I am not trying to say that Jack saw it as a good thing that they weren't face to face, rather that it was necessary for the author to make the point that Jack connected the embrace with the parental love that Jack never had, at least from his father.
If they had kissed face to face AT THAT POINT then that illusion could have been destroyed.
hmmm.....I don't think Jack needed to favor the parental love over the complete love/sex package that he clearly wanted by asking Ennis to do the C and C later..what I mean is, he craved the feeling of pure, unconditioanl love, not because he wanted it all by itself; but because he did not see, feel it otherwise from Ennis, during the sex only. I'll agree the love part is more important to him, which is why he singles that moment out; but it only is singled out, because he is being forced to choose, because he does not feel the that DE love during sex, on BBM. If he DID, we'd not have the DE as a standout memory.
We'd have some moment when they had sex and Ennis somehow expressed love to Jack and Jack knew it. This does not appear to happen on BBM..and the shocker of the dE at the end, seems to imply, he did not feel it after that; he knew it was there BECAUSE of the DE-but he simply did not feel it , before or after.
That's the whole point of the DE. Its a 'single moment' in Jack's life.
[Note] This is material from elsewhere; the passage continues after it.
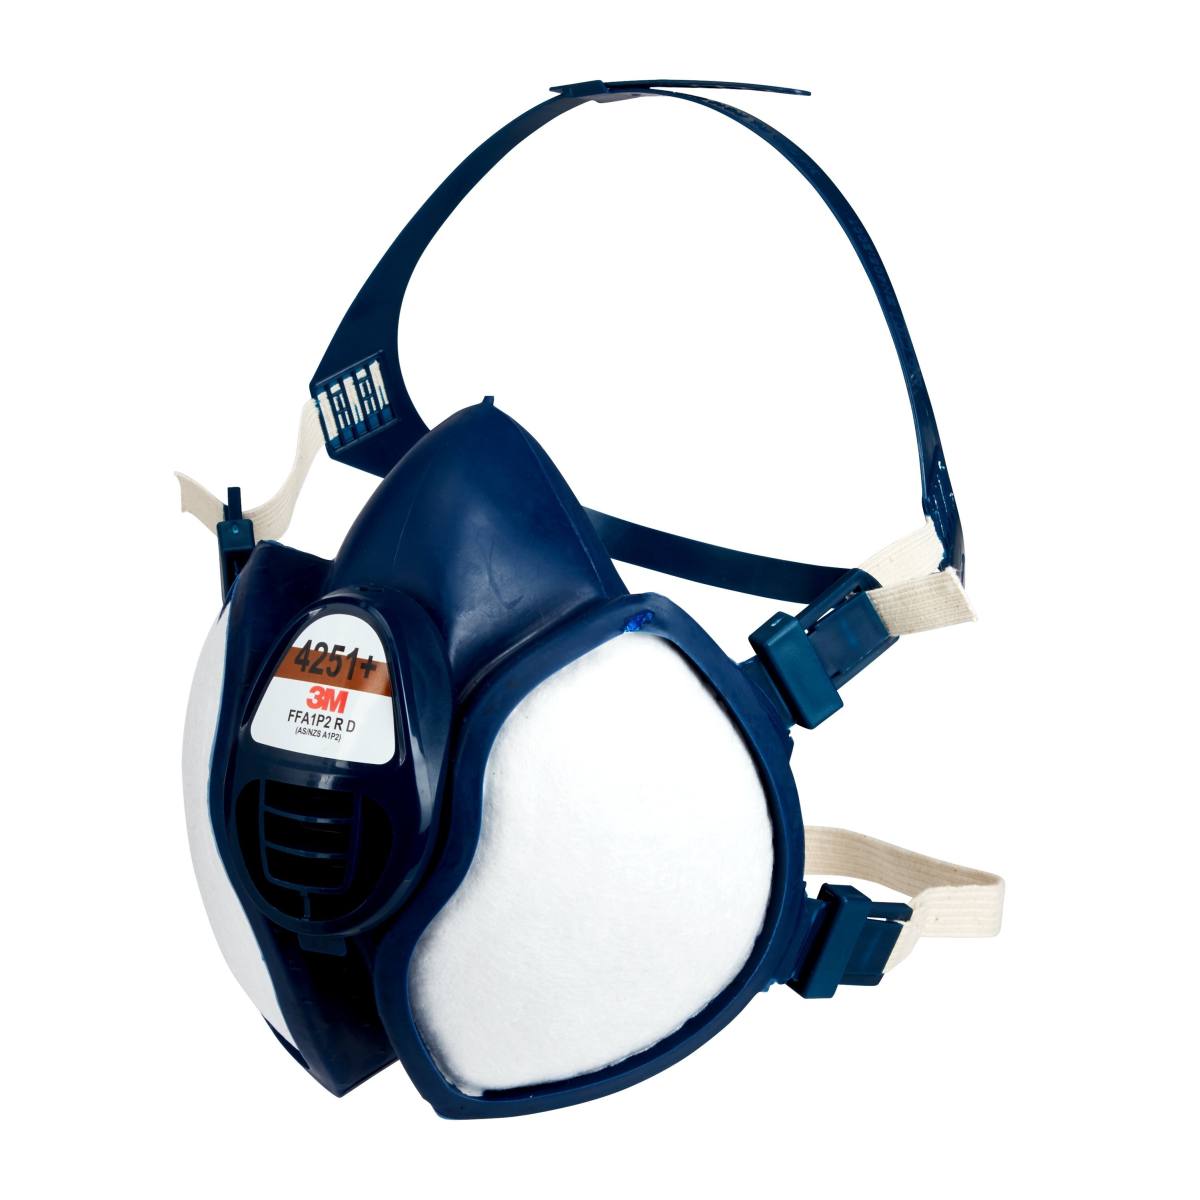 Respiratore 3M 4251 FFA1P2RD contro i gas e i vapori organici e le particelle fino a 10 volte il valore limite.

And the author is telling us they shared it, for once.
R&R: Now as I think of it, Jack did experience what the author is explaining, because he can't define it: 'some' shared and sexless hunger, so I stand corrected-but I'm not clear myself on how much is Jack and how much is AP, completely. I think most of it is Jack, but I'd wager the objective 'separate and difficult lives' is a narrative statement, wheras the 'single moment' is Jack's.